Queries with Performance Gains
The following queries showed the most significant performance improvements after the configuration adjustments:
| Rank | TPC-DS Query | Performance Change (%) |
|---|---|---|
| 1 | q31-v2.4 | 10.9 |
| 2 | q34-v2.4 | 9.4 |
| 3 | q12-v2.4 | 5.8 |
| 4 | q23a-v2.4 | 5.1 |
| 5 | q98-v2.4 | 4.9 |
| 6 | q77-v2.4 | 4.7 |
| 7 | q41-v2.4 | 2.4 |
| 8 | q35-v2.4 | 2.3 |
| 9 | q69-v2.4 | 2.1 |
| 10 | q86-v2.4 | 1.9 |
Queries with Performance Regressions
Conversely, a substantial number of queries experienced performance degradation with these configuration changes:
| Rank | TPC-DS Query | Performance Change (%) |
|---|---|---|
| 1 | q13-v2.4 | -59.5 |
| 2 | q3-v2.4 | -56.7 |
| 3 | q9-v2.4 | -36.2 |
| 4 | q91-v2.4 | -22.7 |
| 5 | q11-v2.4 | -22.3 |
| 6 | q55-v2.4 | -20.0 |
| 7 | q42-v2.4 | -19.0 |
| 8 | q7-v2.4 | -17.7 |
| 9 | q28-v2.4 | -14.1 |
| 10 | q2-v2.4 | -11.1 |
Conclusion on Configuration Adjustments
Overall, the specific adjustments to CELEBORN_WORKER_MEMORY, CELEBORN_WORKER_OFFHEAP_MEMORY, and celeborn.worker.flusher.buffer.size did not lead to a net positive performance improvement for the TPC-DS 3TB benchmark. While a few queries showed minor gains, the majority experienced performance degradation, with some regressions being quite significant. This suggests that these particular optimizations, while potentially beneficial in other contexts, were not effective for this specific mixed workload and could even be detrimental. Further fine-tuning or a different approach to Celeborn configuration might be necessary to achieve overall positive results.
Overall Conclusion
This benchmark report aimed to evaluate the performance characteristics of Apache Celeborn with Apache Spark on a 3TB TPC-DS workload. The initial comparison against native Spark shuffle revealed that while Celeborn offers significant operational stability benefits (e.g., fault tolerance for large shuffle operations), it introduced an overall 16% performance regression for this mixed workload. Performance was highly query-dependent, with some queries improving modestly and others regressing severely.
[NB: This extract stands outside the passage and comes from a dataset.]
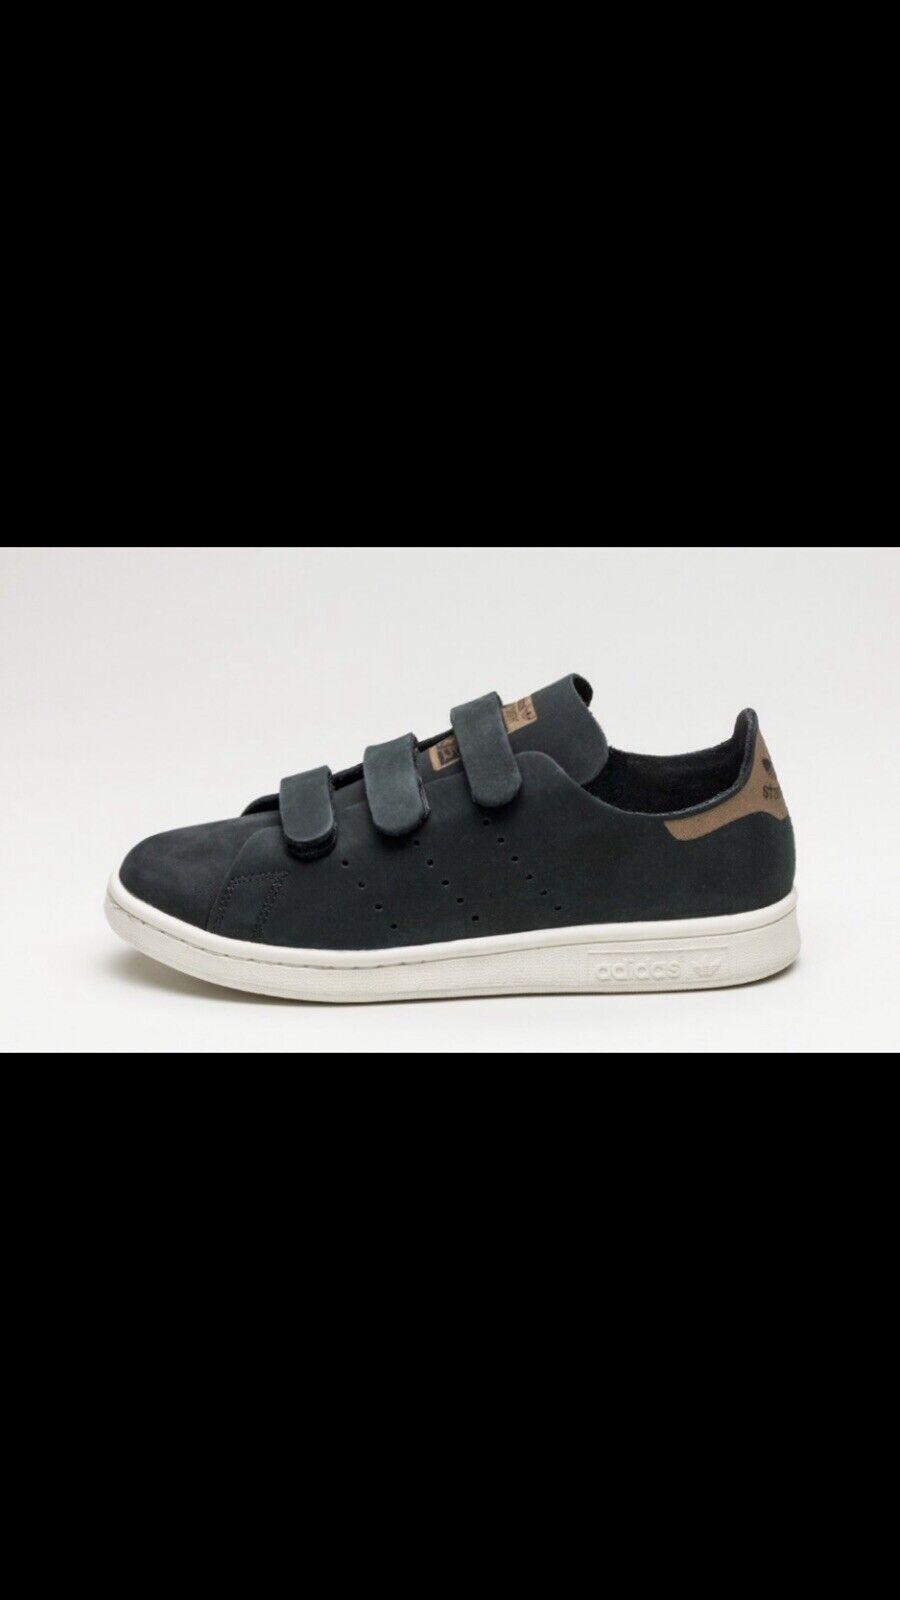 Nuevo Adidas stansmith, talla uk58.
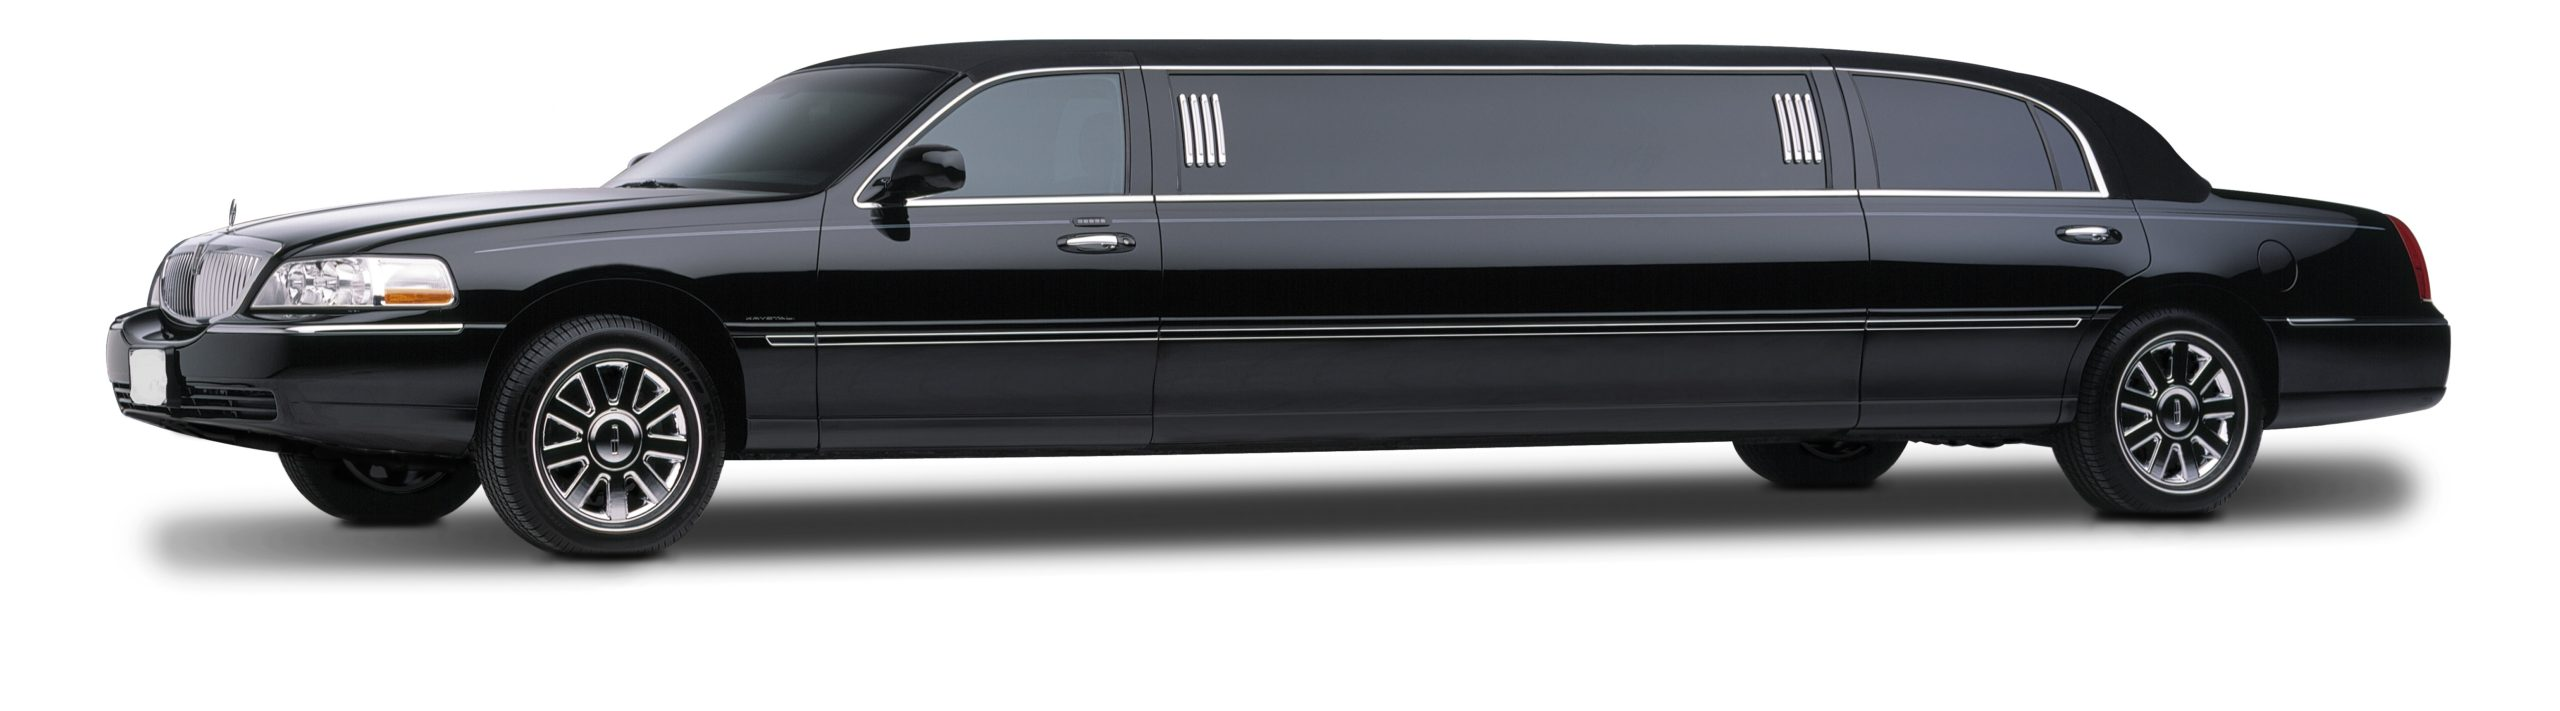 Empire_limousine_10_passenger

Furthermore, an investigation into specific Celeborn configuration adjustments (CELEBORN_WORKER_MEMORY, CELEBORN_WORKER_OFFHEAP_MEMORY, celeborn.worker.flusher.buffer.size) demonstrated that these optimizations did not yield a net positive performance gain. A majority of queries showed either negligible change or significant performance degradation, reinforcing the idea that generic tuning might not be universally effective.
In summary, Apache Celeborn is a strategic choice when operational stability, particularly for large and complex shuffle data, is paramount. However, for general analytical workloads, its deployment requires a careful evaluation of the performance overhead and associated infrastructure costs. Optimal performance tuning with Celeborn is highly dependent on workload characteristics and necessitates detailed, workload-specific analysis rather than relying on generalized configuration adjustments.